_What is being asked_.
Set down, exactly and in full, the line holding "approximately 13 mm" and all the lines after it until the listing ends, and nothing else.

_Information supplied_.
********************
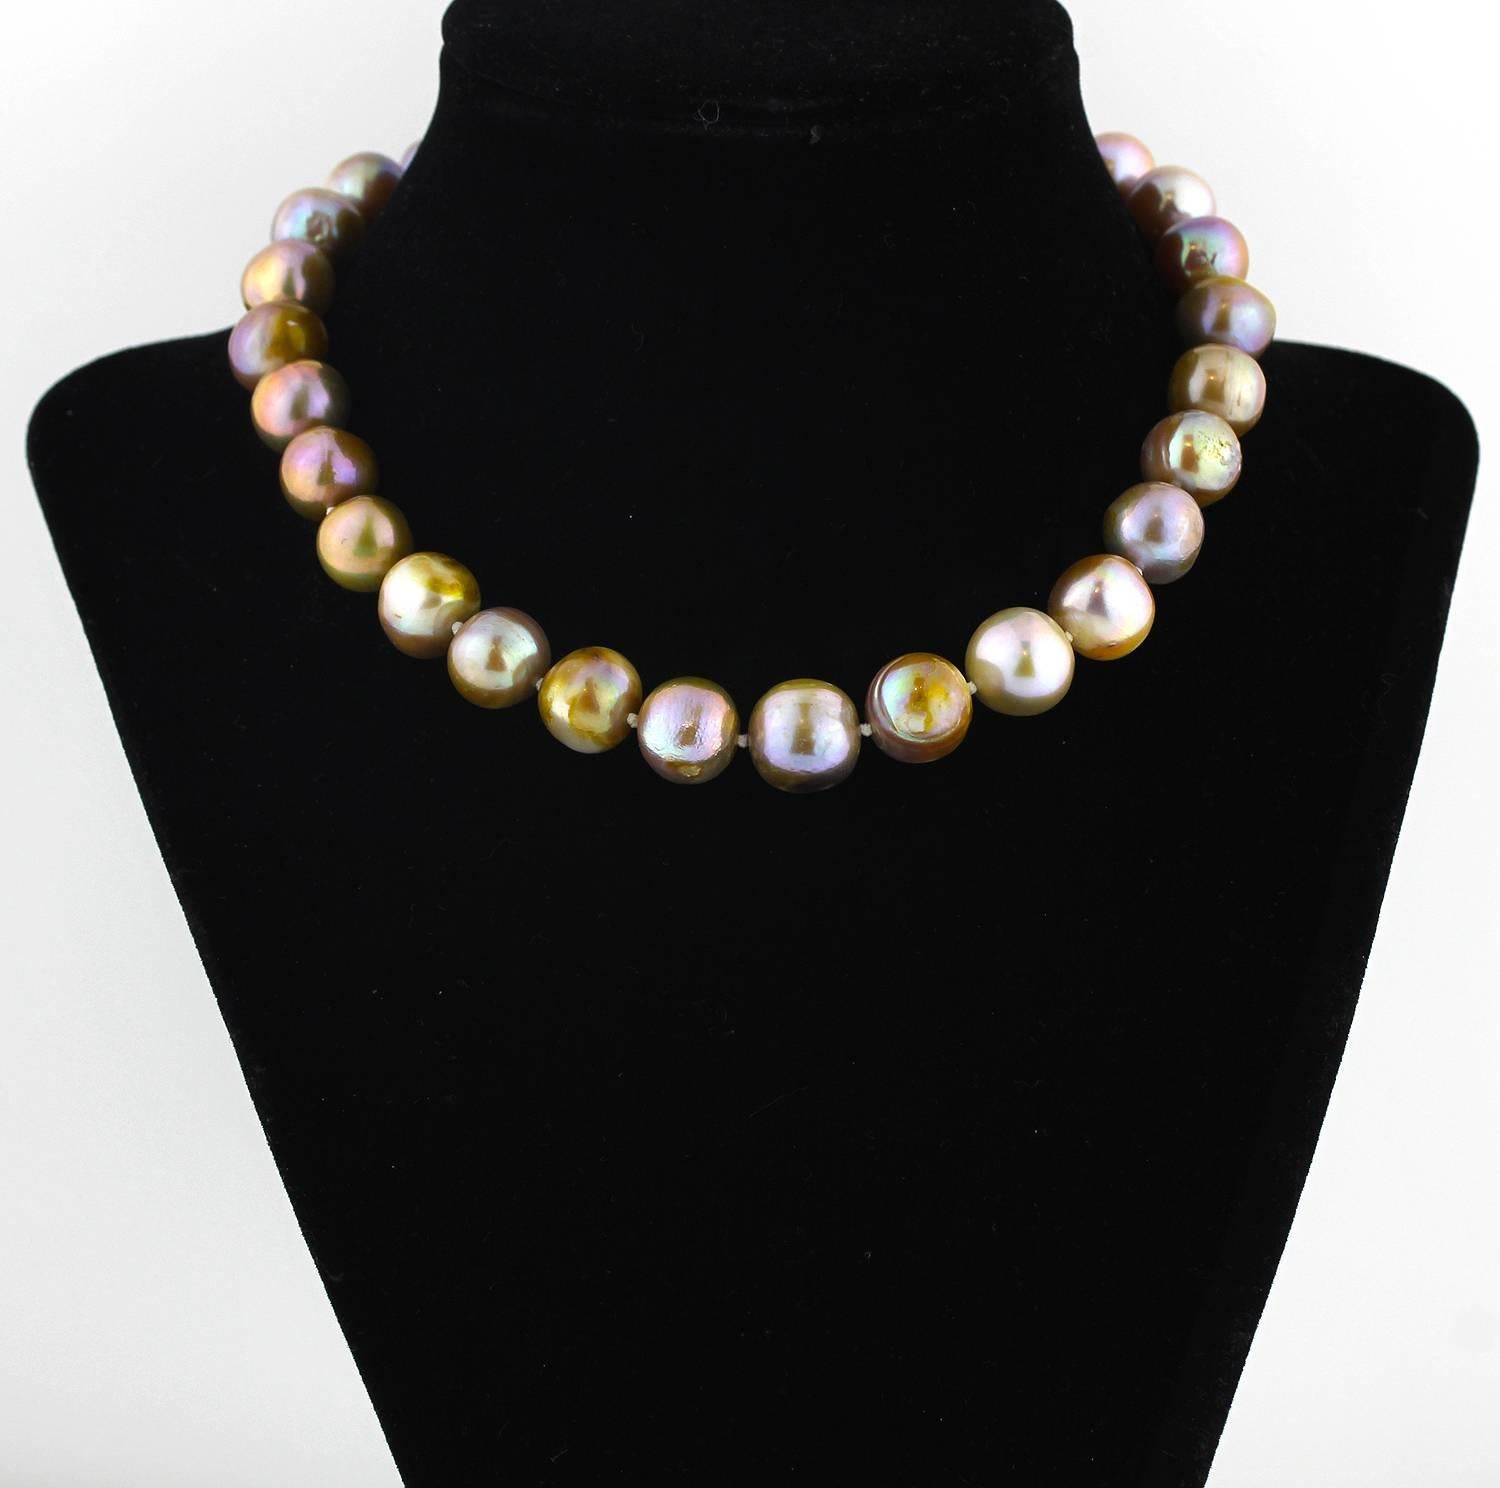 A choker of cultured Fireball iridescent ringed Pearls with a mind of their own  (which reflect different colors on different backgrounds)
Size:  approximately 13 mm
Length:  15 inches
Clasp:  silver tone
********************
_Exercise output_.
Size:  approximately 13 mm
Length:  15 inches
Clasp:  silver tone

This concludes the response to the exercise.